Anche la pianta e l’elevazione sono di principio piuttosto
classiche e pensate sul modello delle antiche basiliche
cristiane4: una tipologia presente, per esempio, sia a Muralto (San Vittore) sia a Bellinzona-Ravecchia (San Biagio).
Nel caso di Biasca, però, la
pianta “è sghemba in ogni angolo del quadrilatero” (Gilardoni, pag. 212), una distorsione
tanto evidente da sembrare
forse voluta (e obbligata) sin
dalla prima edificazione e
dai successivi ampliamenti.
Certo, la posizione e l’orientamento rispetto al pendio
sul quale sorge la chiesa non
devono essere stati di grande
aiuto alle maestranze della
fabbrica; in più l’evidente irregolarità della pianta cozza
in qualche modo contro la sorprendente cura con la quale,
invece, sono stati posati i conci di pietra che disegnano le
pareti; soprattutto quelli dell’abside che si contraddistinguono per il loro taglio preciso.

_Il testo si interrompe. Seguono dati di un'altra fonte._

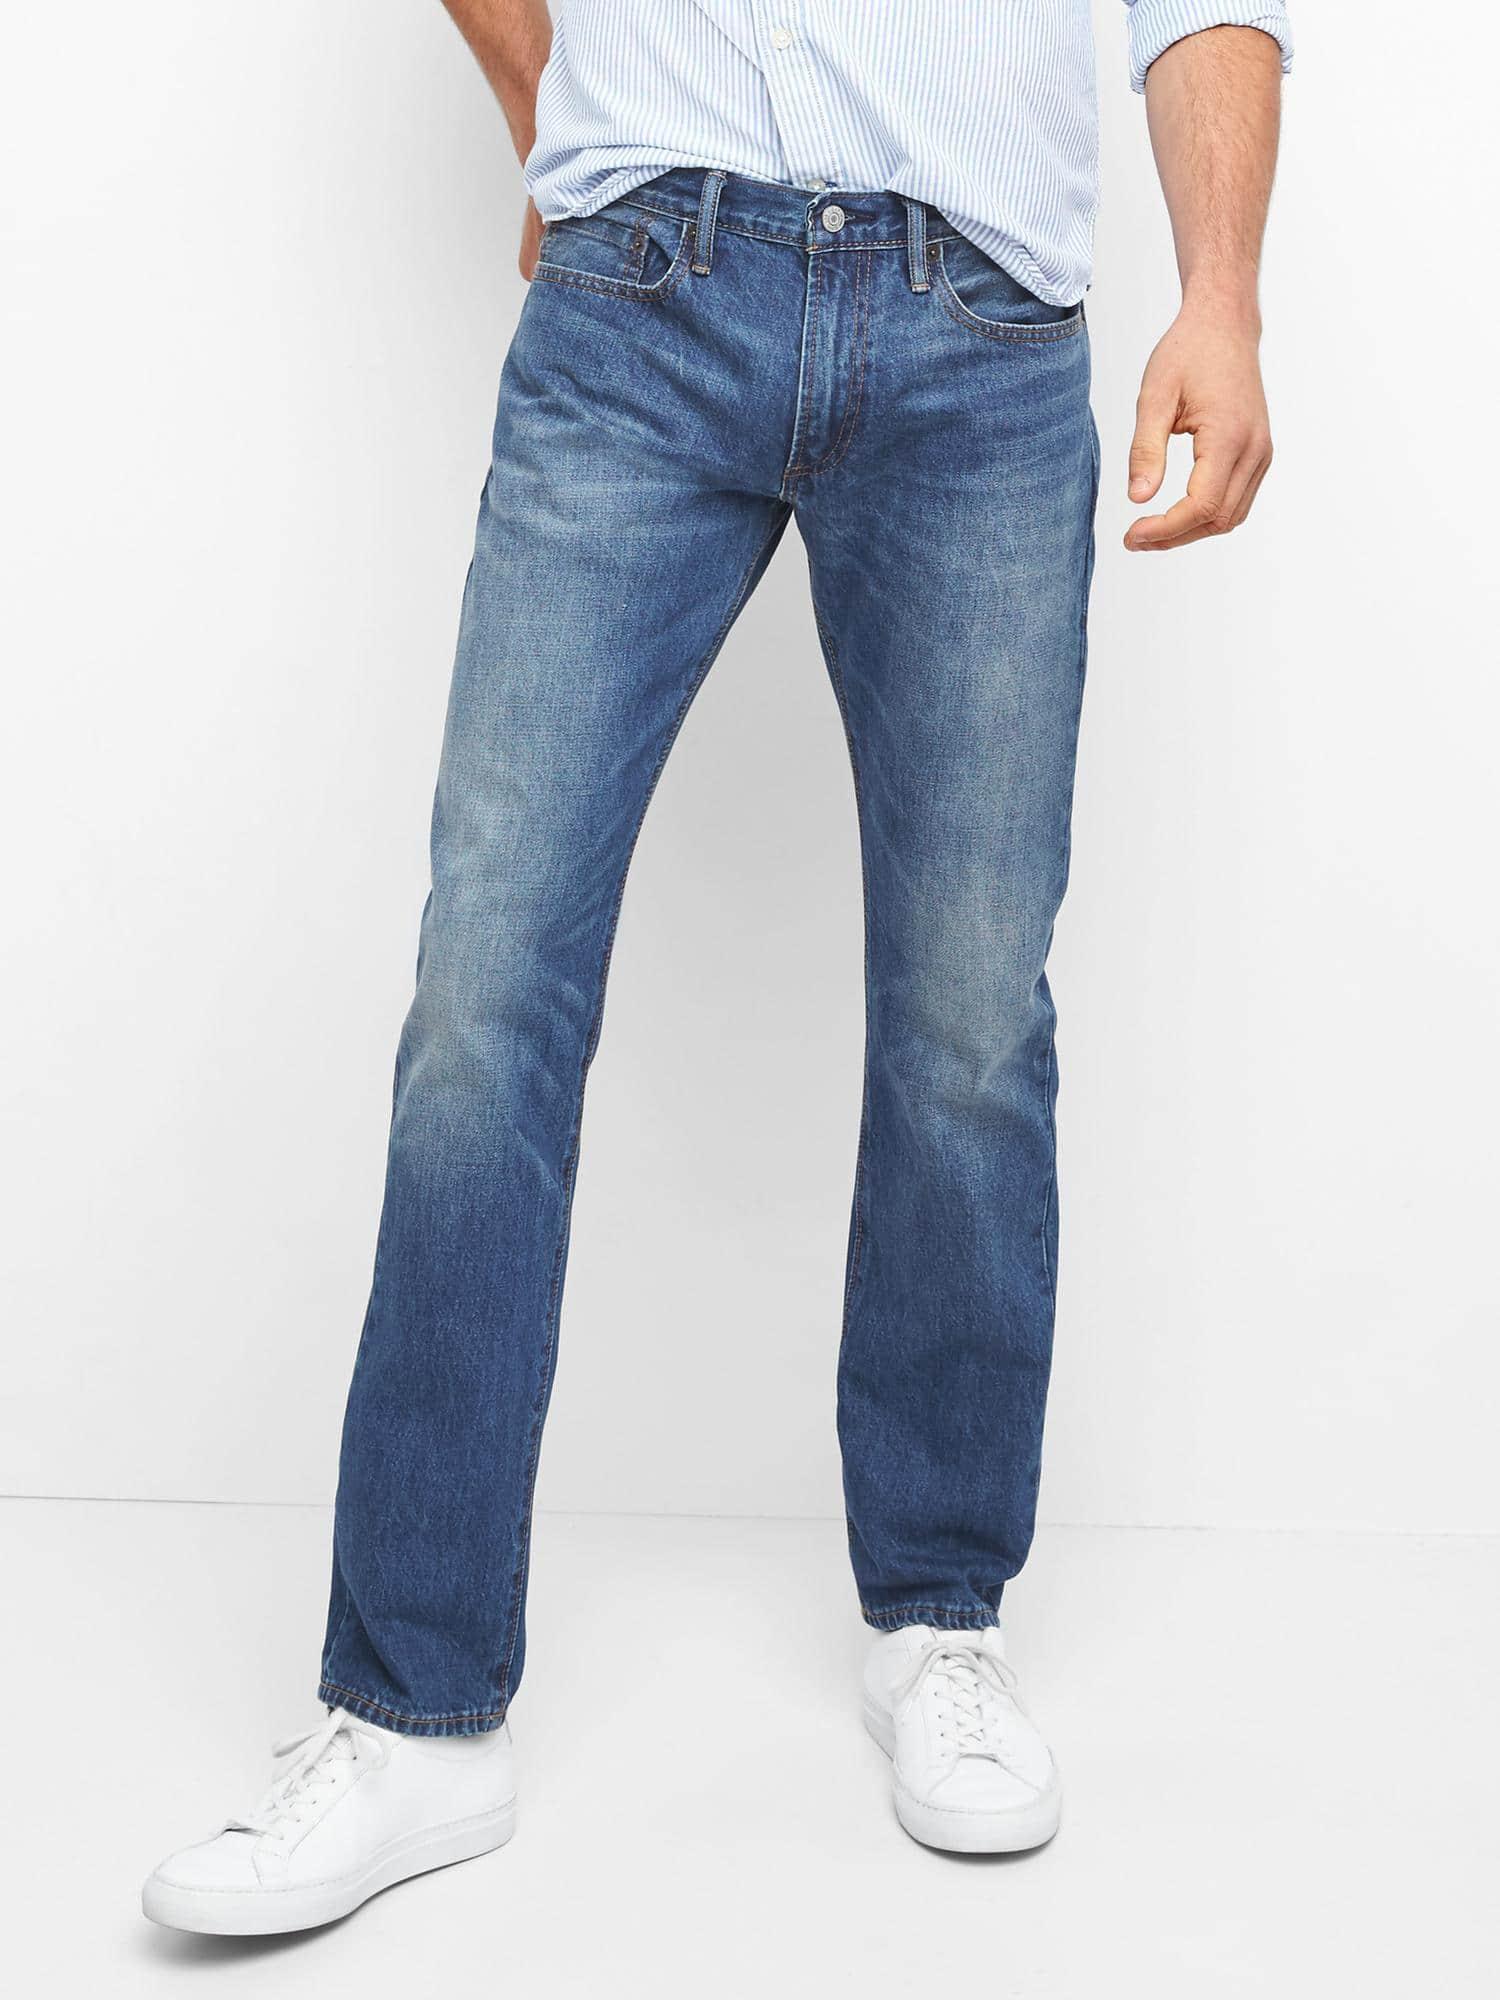 Gap Denim Slim Fit Jeans in Blue for Men - Lyst

Come per la ben nota chiesa di San Nicolao a Giornico5, le
sole pareti esterne meritano un’attenta osservazione6 e alcune riflessioni sulle capacità tecnico-costruttive necessarie all’elevazione di tessiture murarie che non stancano di
stupire. Sempre Gilardoni nel suo testo – non recentissimo
ma ancora fondamentale e ricco di acute osservazioni – si
sofferma giustamente sui letti di malta che legano i singoli
conci e sul notevole spessore delle pareti, che giungono
localmente a misurare un metro e 20 centimetri: “(...) i
muri dovrebbero essere, come a Giornico, di paramenti esterni
riempiti di pietrame gettato a sacco, affogato nella malta”
(pag. 214), una metodologia costruttiva risalente almeno
all’epoca romana (Adam, pag. 137 e seg.).

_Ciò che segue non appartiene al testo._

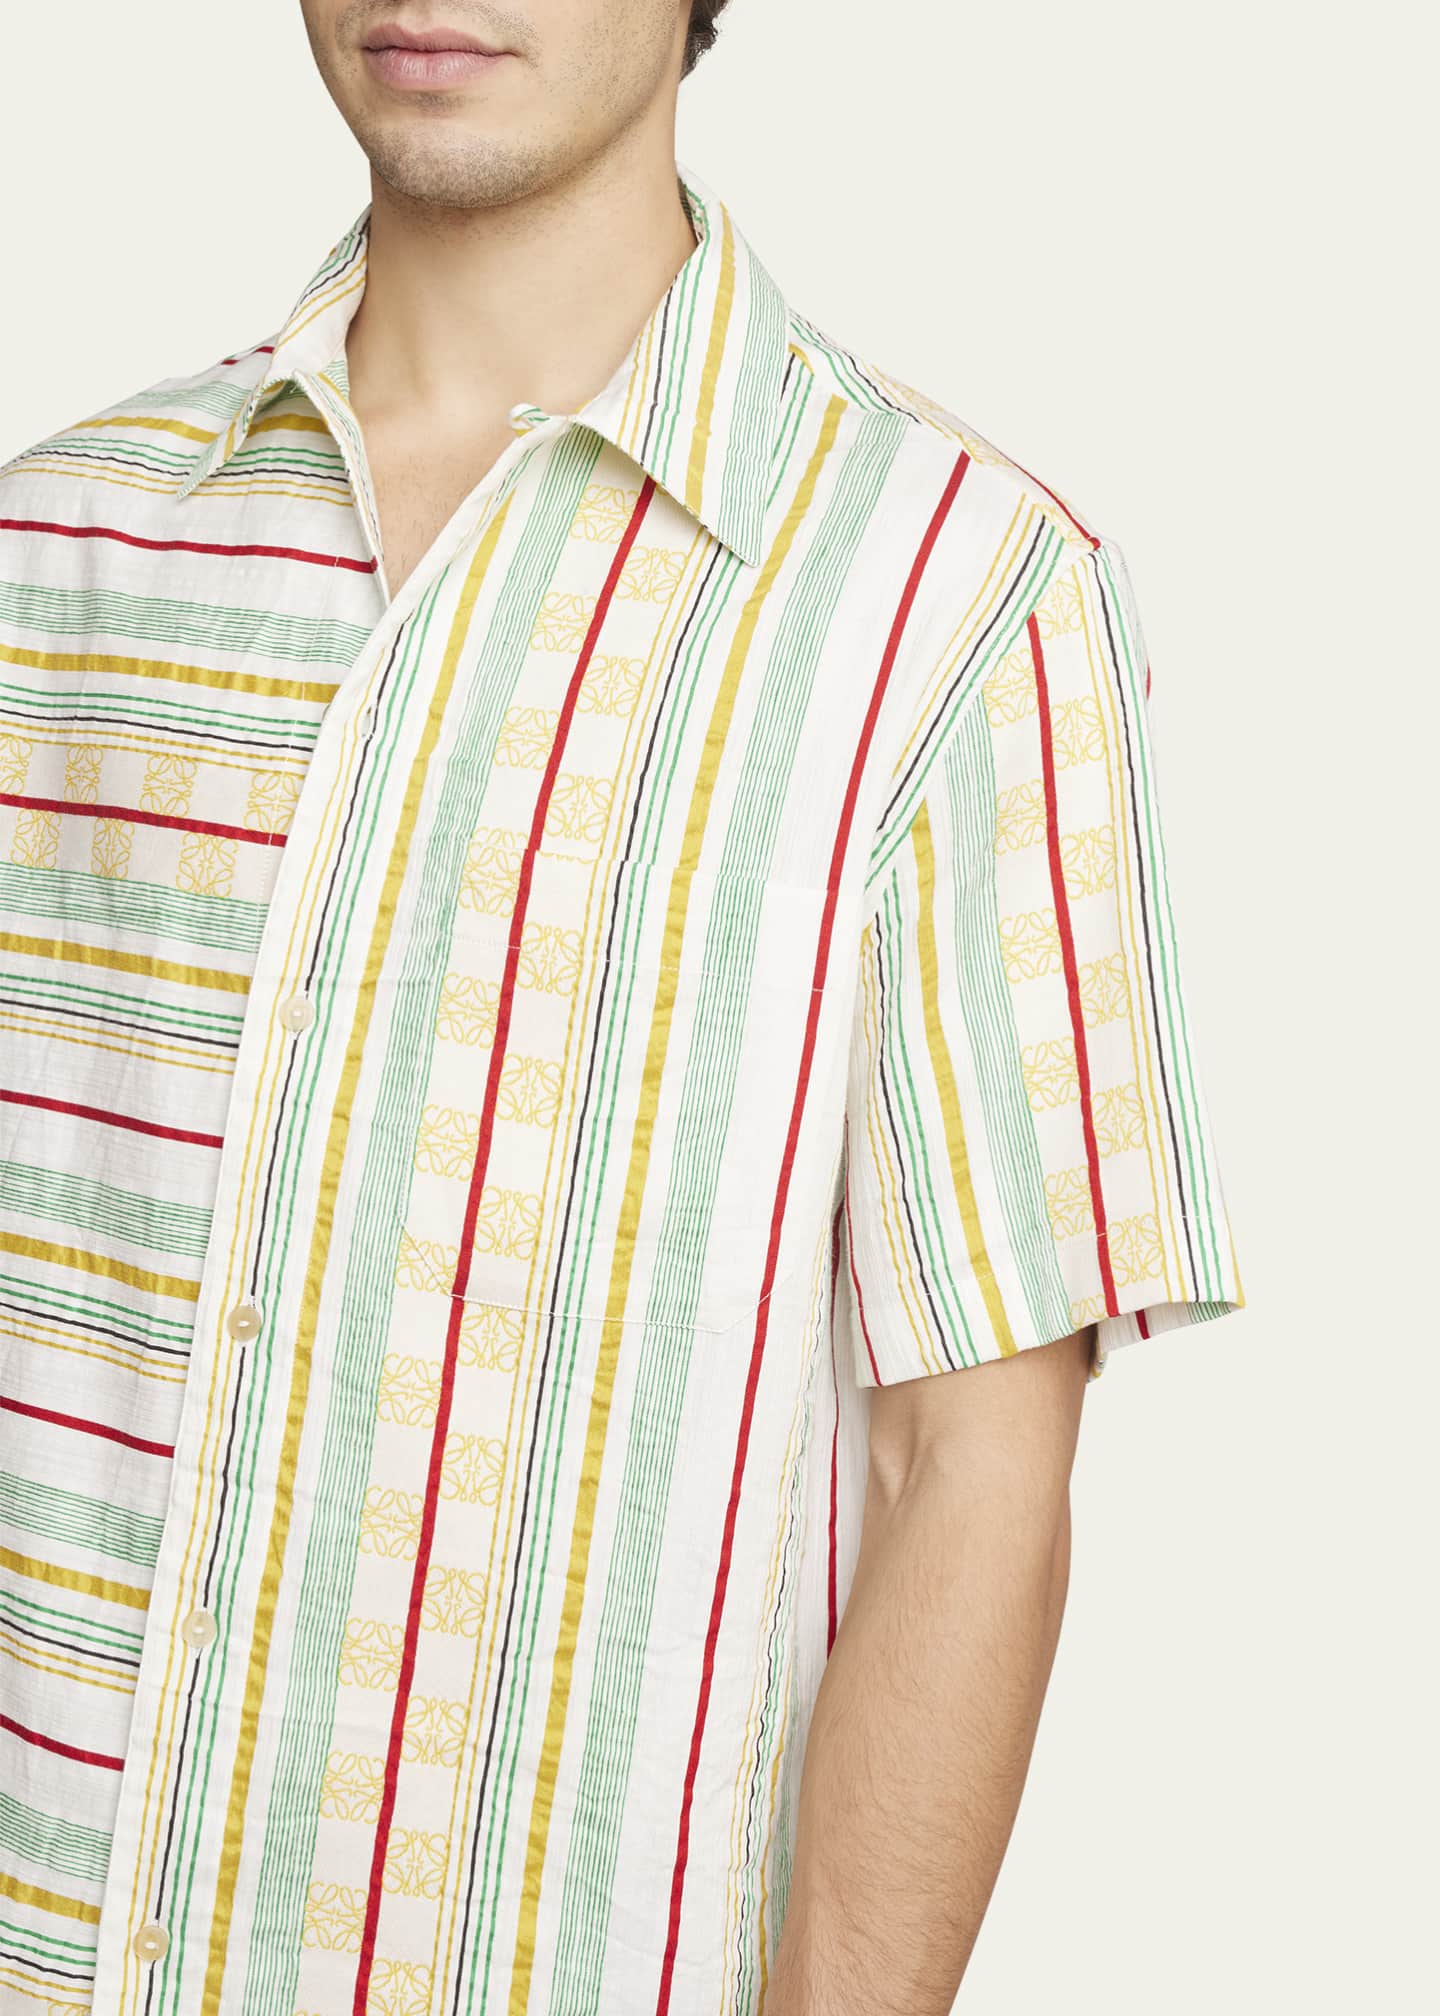 Loewe x Paula's Ibiza Men's Asymmetric Striped Sport Shirt

Internamente, la ricchezza e
la qualità dei dipinti murali
(ad affresco e a tecniche miste), la stratificazione delle
rappresentazioni, oltre che la
presenza di arcaiche sculture
in pietra necessiterebbero di
un approfondimento a sé.
Rimandiamo per questo ai
testi già segnalati nelle note,
ricordando qui solamente
i dipinti murali più antichi
posti nelle vele delle volte
a crociera che sovrastano il
transetto (decorazioni geometriche bianche con figure zoomorfe; XIII secolo) e un
importante ciclo di dipinti dedicati alla Vita di san Carlo
Borromeo, opera della bottega di Alessandro Gorla (1620).
note
1
Arte e monumenti della Lombardia prealpina. Il Romanico, collana
a cura di V. Gilardoni, La Viscontea/Casagrande, 1967, pag. 209.
2
Bernhard Anderes, Guida d’arte della Svizzera italiana, SSAS/
Nuova Edizioni Trelingue, 1998 e agg., pag. 39; e AA .VV, Guida
d’arte della Svizzera italiana, Casagrande, 2007.
3
J.R. Rahn (1841–1912), “padre” della storia dell’arte in Svizzera.
4
Jean-Pierre Adam, L’arte di costruire presso i romani. Materiali
e tecniche, Longanesi, 1988.
5
Si veda anche Ticinosette n. 50/2009.
6
Segnaliamo le interessanti ricerche di Francesca Selcioni, Gli
animali della casa di Dio: guida al bestiario delle chiese romaniche
ticinesi (Dadò, 2002) e Le pietre raccontano: le rivelazioni della
Casa di Dio. Guida alla simbologia delle chiese di San Vittore di
Muralto e San Nicolao di Giornico (Dadò, 2009).